**Provided entries**
● ● ●

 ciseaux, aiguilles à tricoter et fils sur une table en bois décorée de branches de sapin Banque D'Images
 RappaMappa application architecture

● ● ●

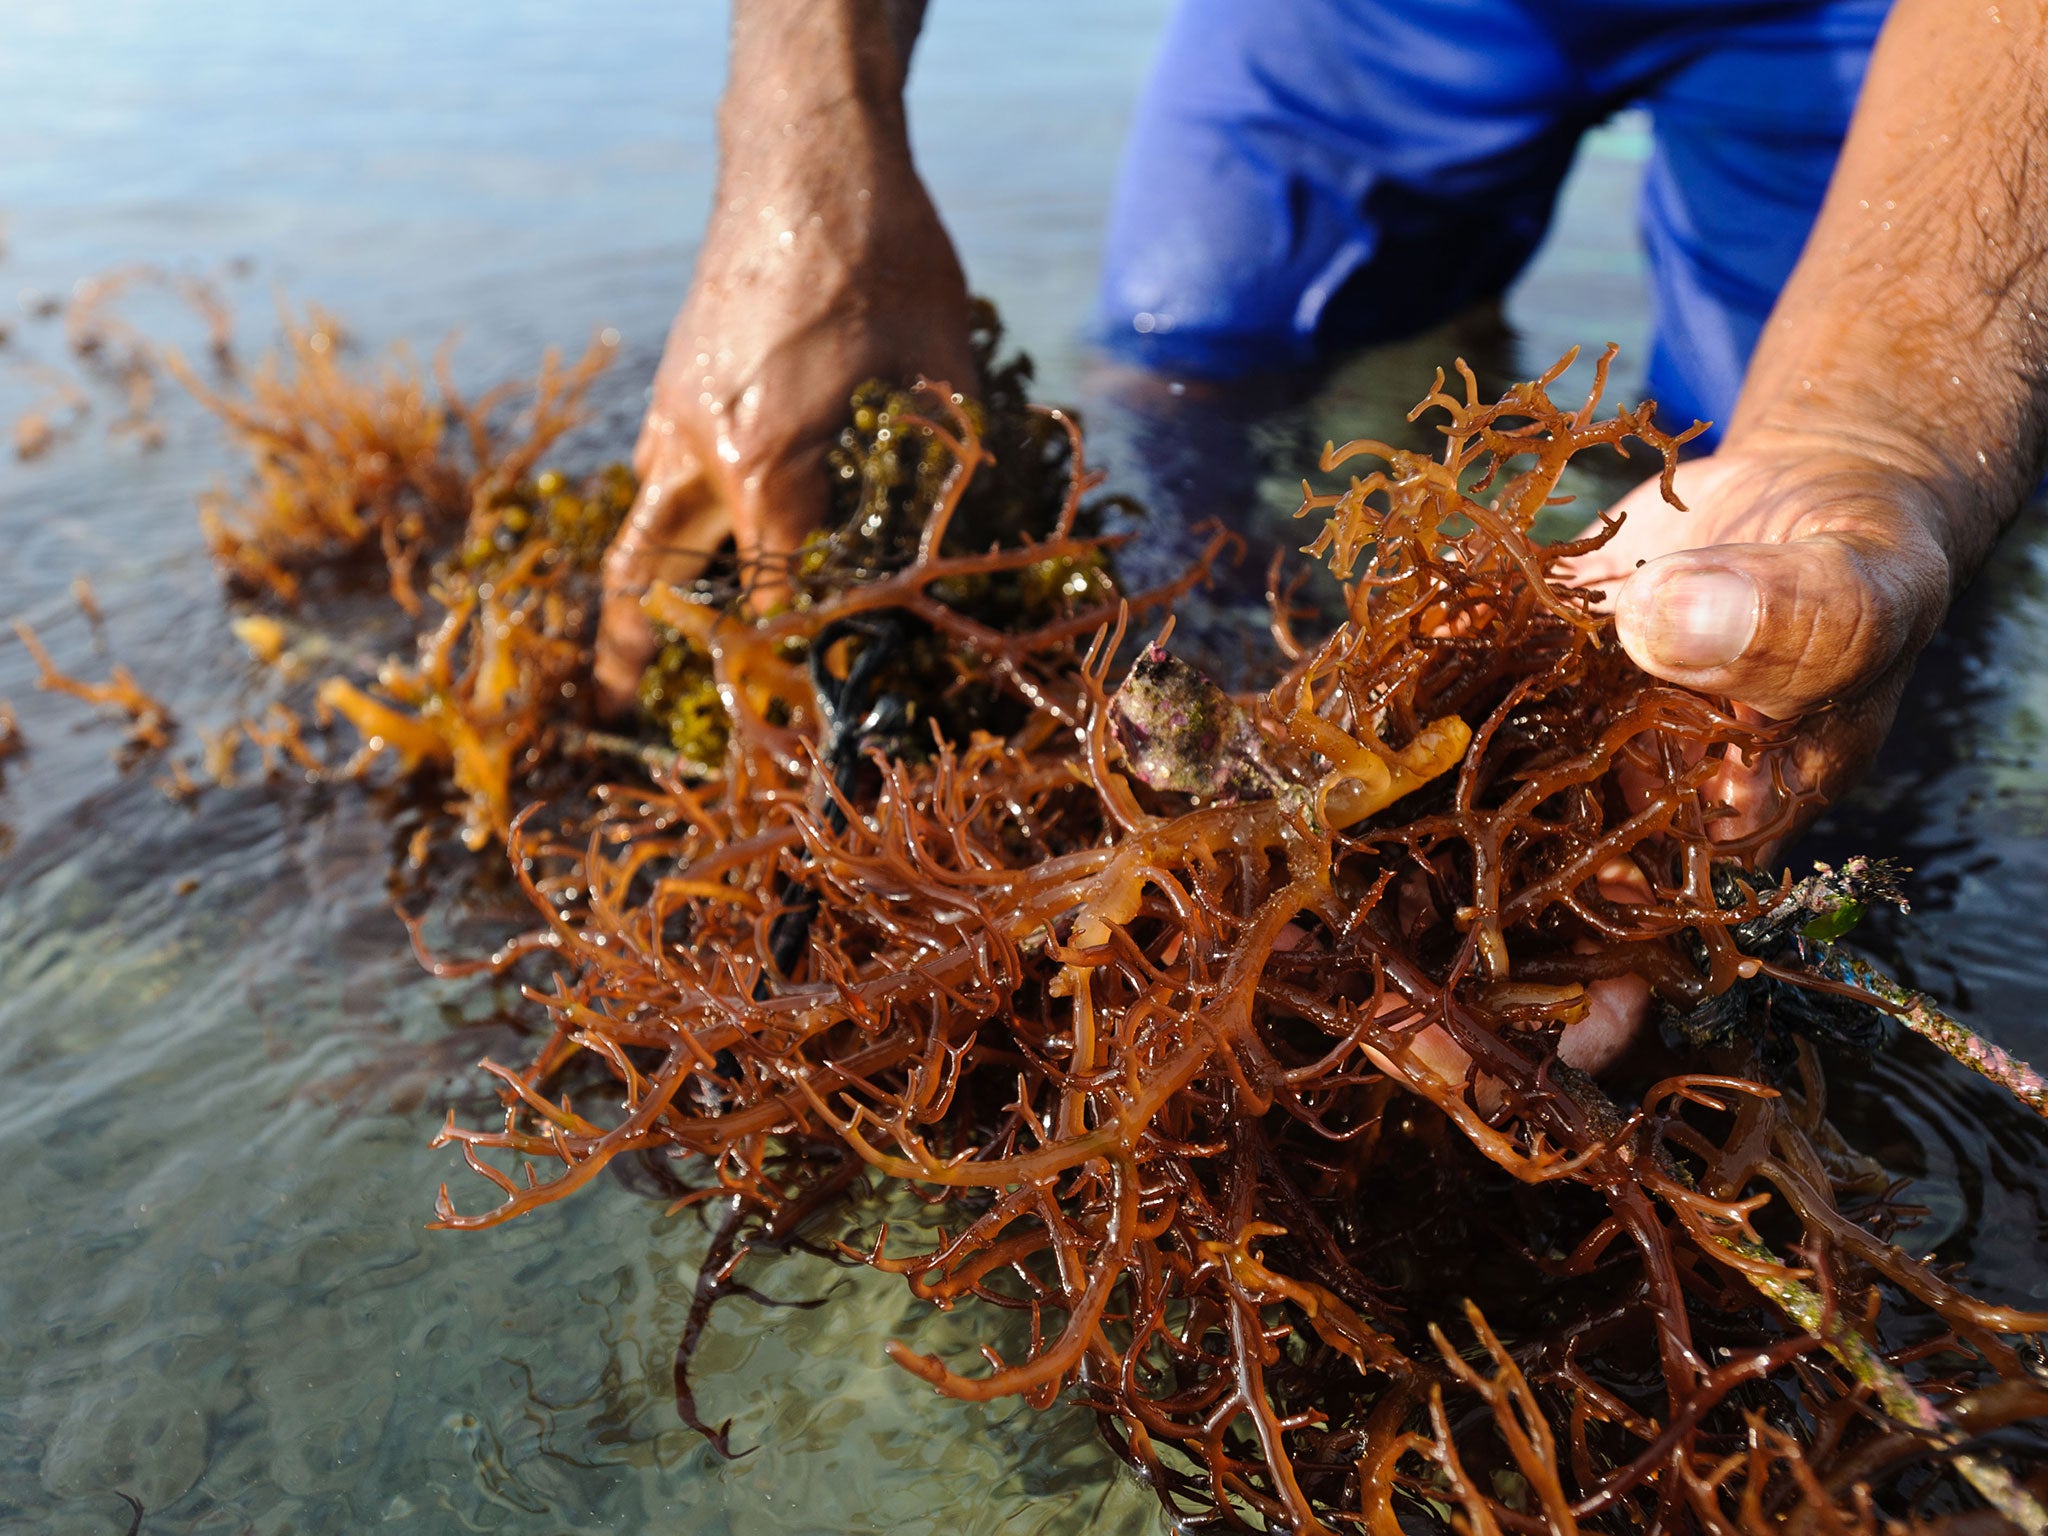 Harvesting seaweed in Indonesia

● ● ●

**Problem requirements**
The reply should hold only the lines of the listing above starting at the line containing "ciseaux, aiguilles à" and ending at the line containing "RappaMappa application architecture", exactly as written.

**Problem solution**
 ciseaux, aiguilles à tricoter et fils sur une table en bois décorée de branches de sapin Banque D'Images
 RappaMappa application architecture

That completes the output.